▶ [WHAT IS EXPECTED]: Reproduce the listing in full, exactly as written, but without images.

▶ [DATA PROVIDED]:

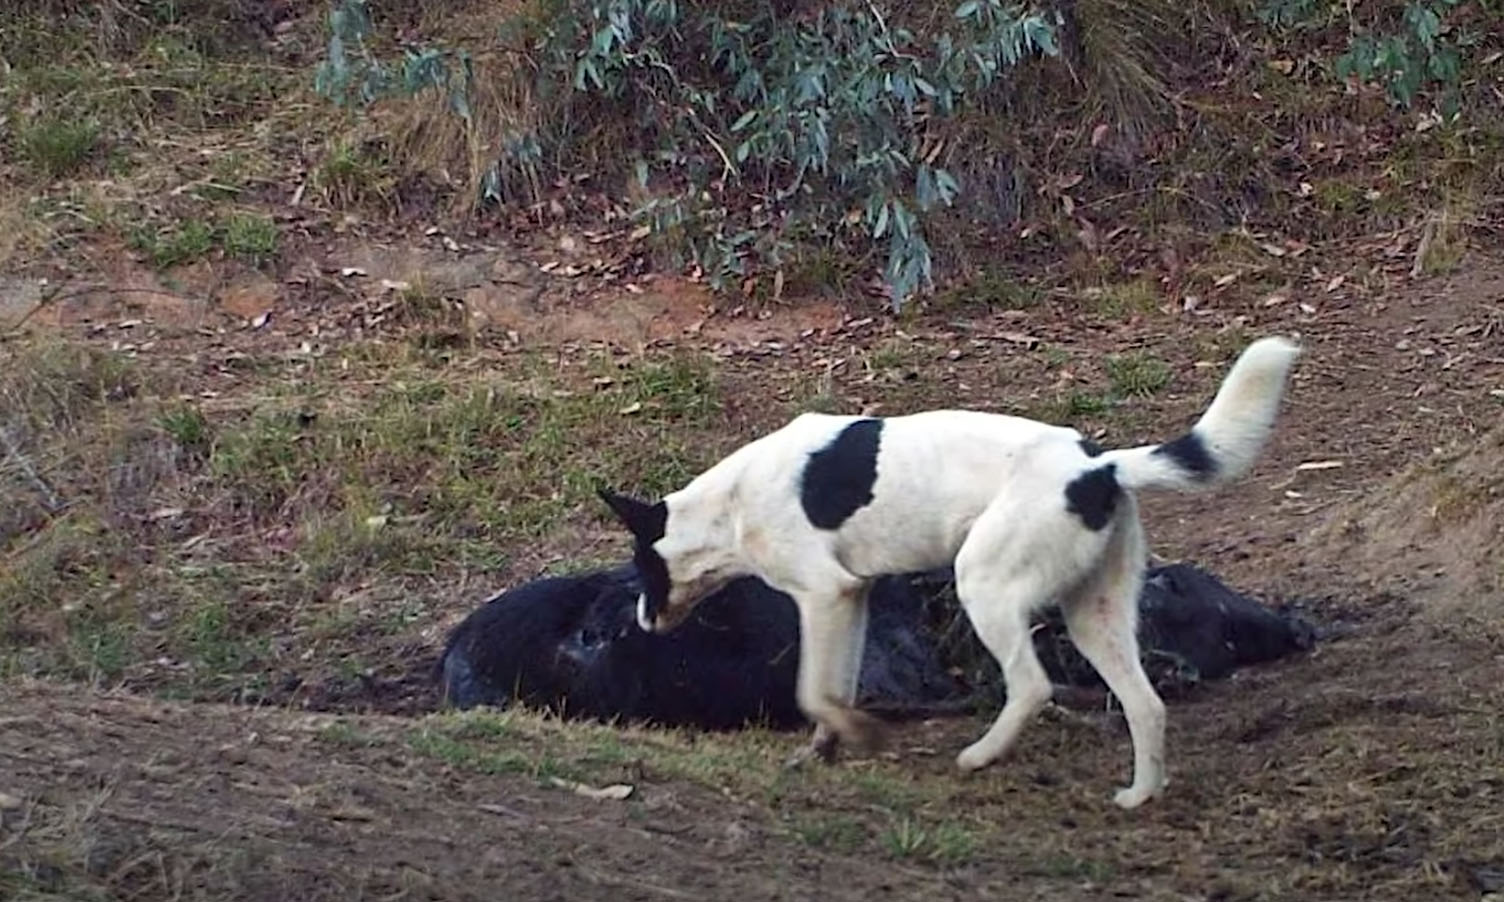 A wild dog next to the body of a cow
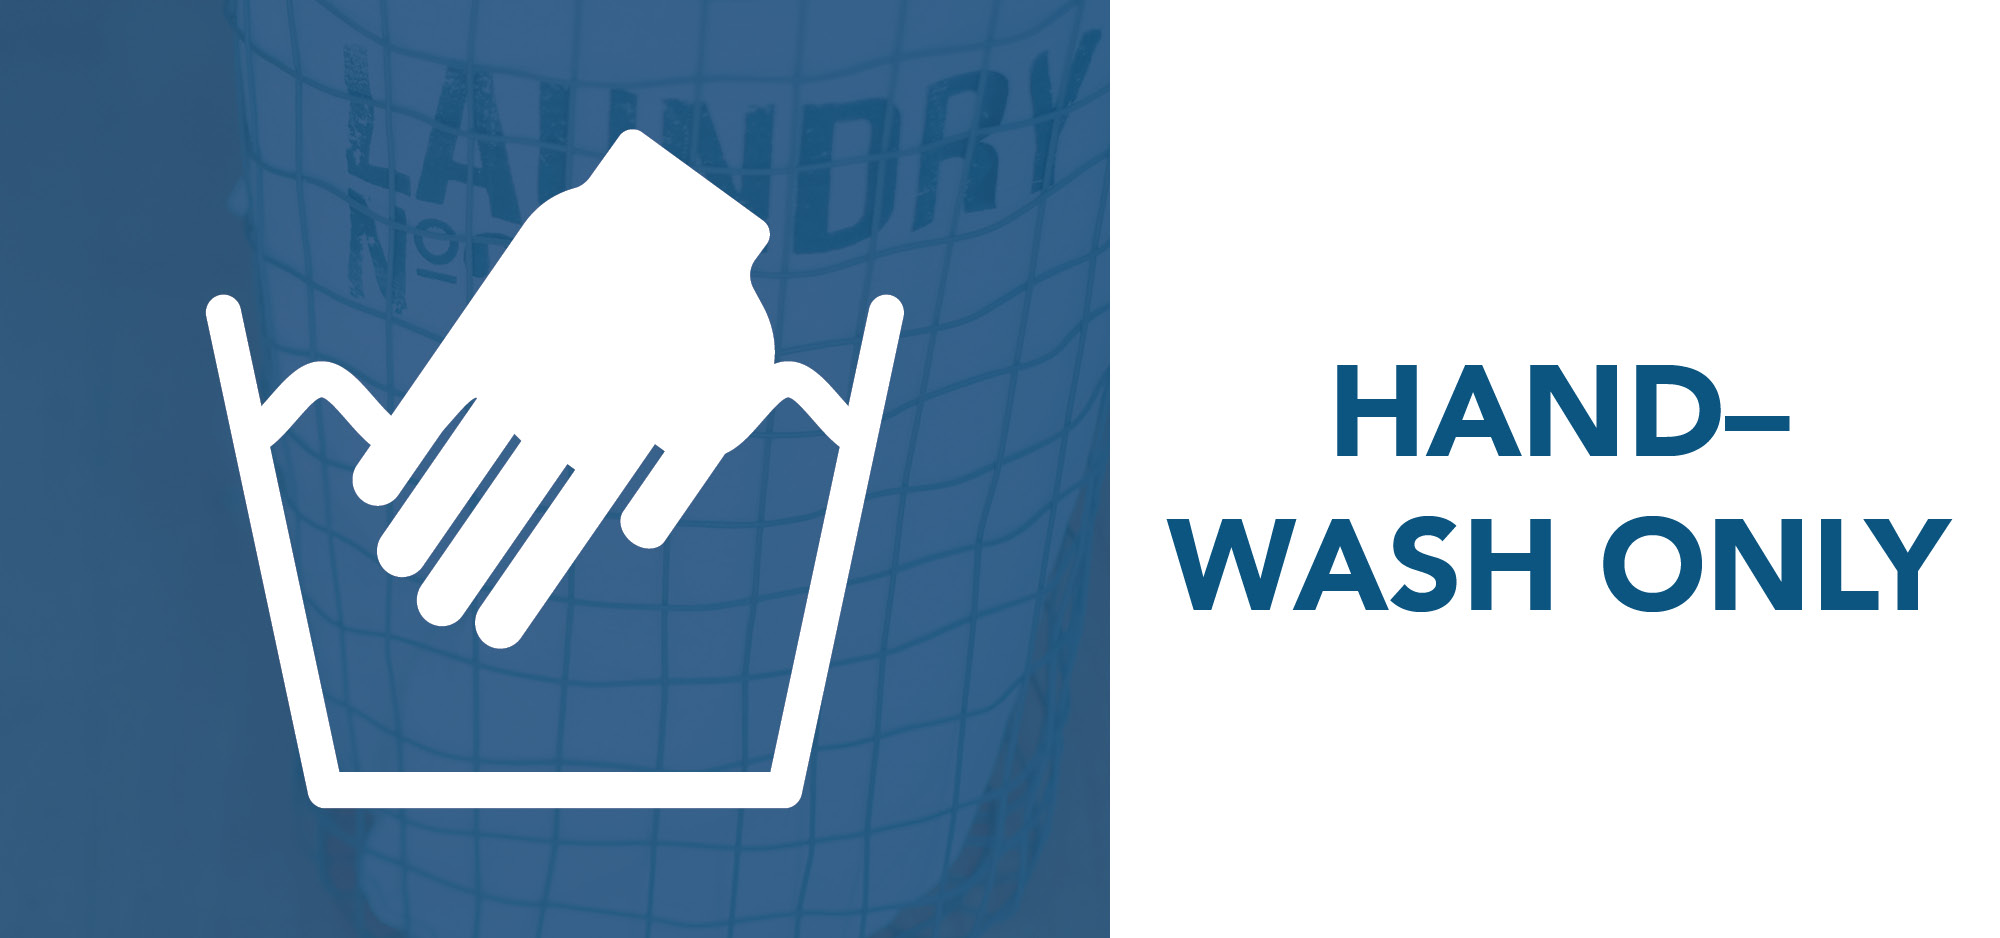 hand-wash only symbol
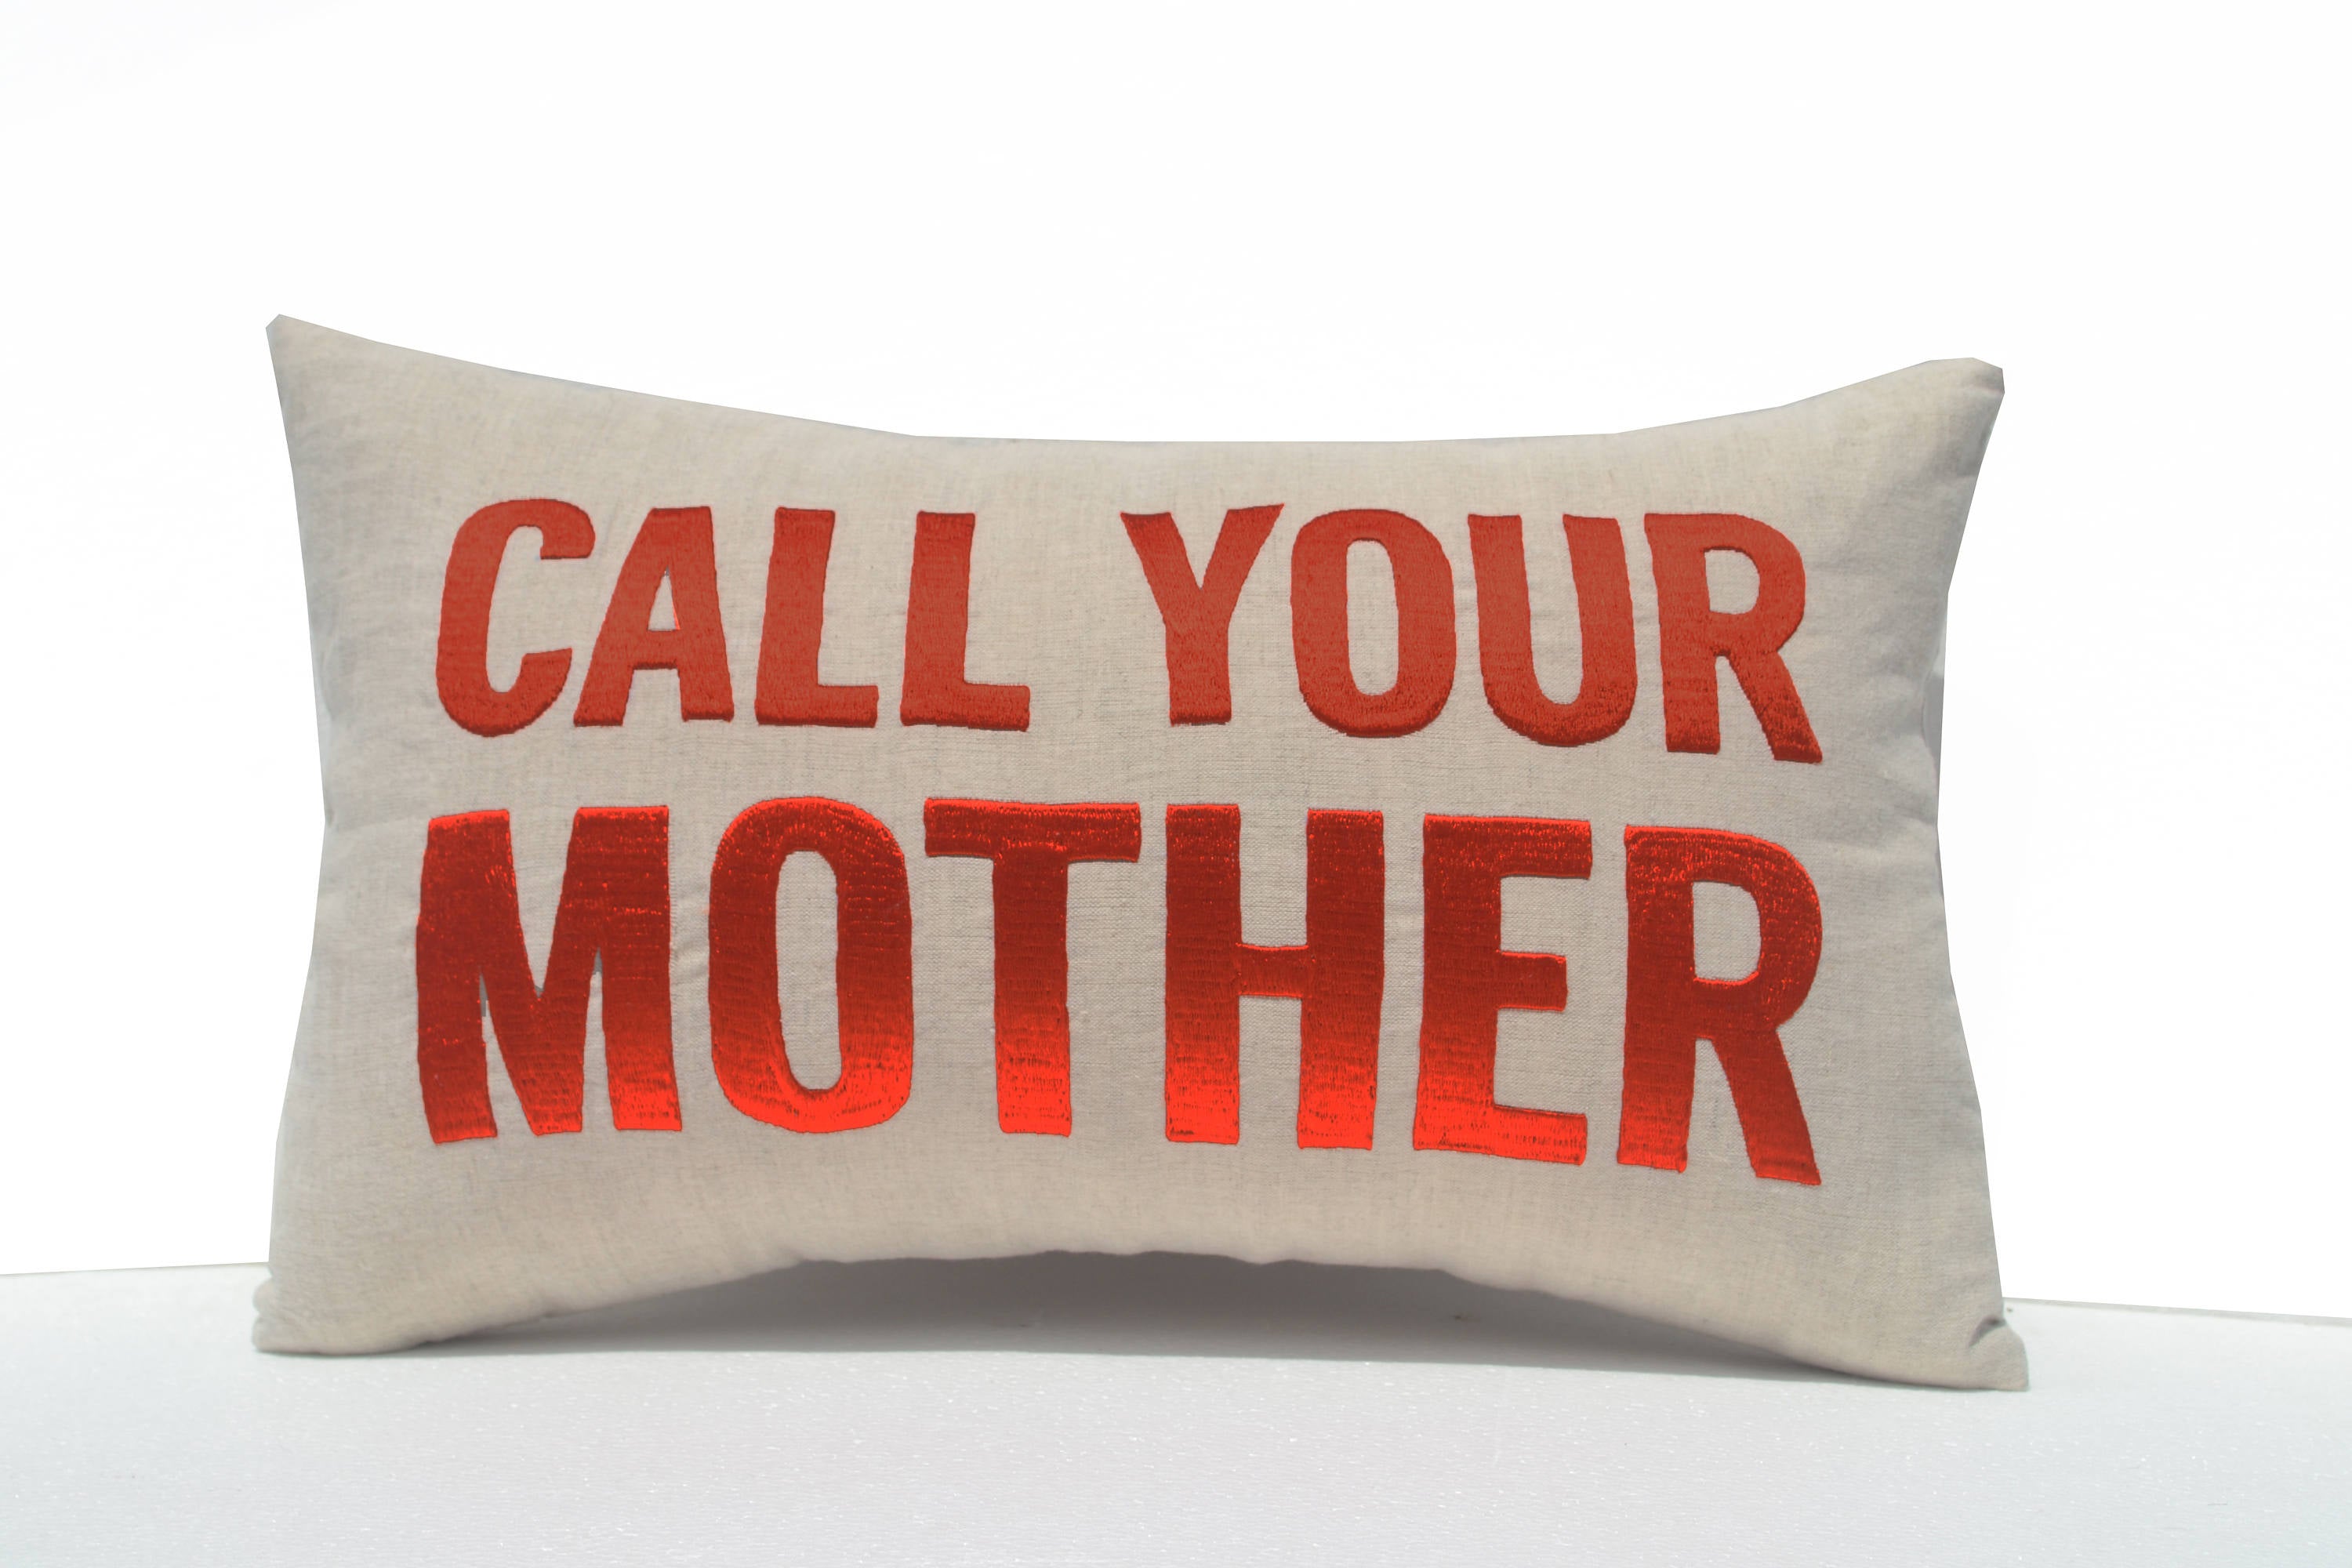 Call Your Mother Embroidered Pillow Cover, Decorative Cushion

▶ [ANSWER TO THIS PROBLEM]:
 A wild dog next to the body of a cow
 hand-wash only symbol
 Call Your Mother Embroidered Pillow Cover, Decorative Cushion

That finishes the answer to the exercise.